- Film poster
- French: Filière 13
- Directed by: Patrick Huard
- Written by: Claude Lalonde Pierre Lamothe
- Produced by: Pierre Gendron
- Starring: Claude Legault Guillaume Lemay-Thivierge Paul Doucet Jean-Pierre Bergeron
- Cinematography: Bernard Couture
- Edited by: Jean-François Bergeron
- Music by: Betty Bonifassi Jean-Phi Goncalves
- Production company: Zoofilms
- Distributed by: Alliance Vivafilm
- Release date: August 4, 2010;
- Running time: 112 minutes
- Country: Canada
- Language: French

= File 13 (film) =

File 13 (Filière 13) is a Canadian crime comedy film, directed by Patrick Huard and released in 2010. The film centres on Thomas (Claude Legault), Benoît (Paul Doucet) and Jean-François (Guillaume Lemay-Thivierge), three bumbling police officers who unexpectedly stumble into an opportunity to try to capture Fecteau (Jean-Pierre Bergeron), a high-ranking figure in the sponsorship scandal who has managed to elude arrest for several years.

The supporting cast includes Élisabeth Locas, Marie Turgeon, Anik Jean, André Sauvé, Sharlene Royer, Laurent Paquin, Carmen Ferlan, Monique Spaziani, Luc Senay, Jean Petitclerc, Annick Léger, Widemir Normil, Daniel Boucher and Emmanuel Auger.

==Production==
The film was made by the same production team, and featured the same three primary stars, as The 3 L'il Pigs (Les 3 p'tits cochons), but was not a sequel.

It was originally slated to be directed by Louis Choquette, under the title Operation Tablet, with Huard coming in as director after Choquette dropped out due to scheduling conflicts.
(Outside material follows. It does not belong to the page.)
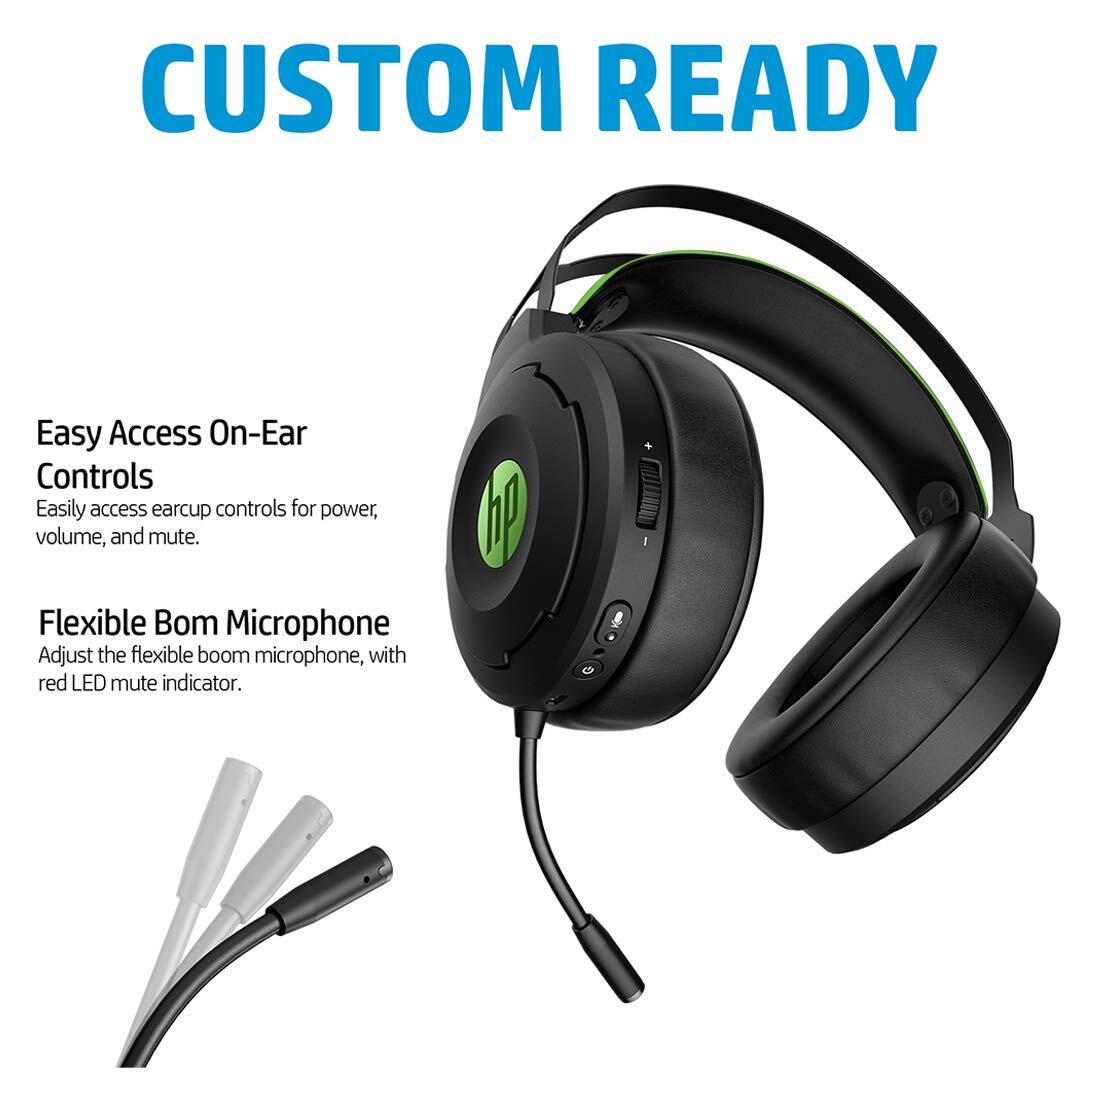 HP X1000 Wireless Gaming Headset with 7.1 Surround Sound and Flexible Boom Microphone

Choquette had cast Legault as Jean-François and Lemay-Thivierge as Thomas, with Huard choosing to swap their roles as he felt they fit the actors better.

It went into production in Montreal in fall 2009.

==Release==
The film had been slated to premiere on August 6, 2010, with its premiere advanced to August 4 at the last minute.

Although the film was commercially successful, surpassing the $1 million benchmark for commercial success in the Quebec market within 10 days of its release, it was poorly received by critics, who virtually all compared it directly to The 3 L'il Pigs and asserted that it had failed to capture the same qualities that made the earlier film successful. It has not been publicly stated whether the critical failure of File 13 was a factor in Huard not returning as director of The 3 L'il Pigs 2 in 2016.

==Awards==
Simon Poudrette, Christian Rivest and Dominique Delguste received a Jutra Award nomination for Best Sound at the 13th Jutra Awards in 2011.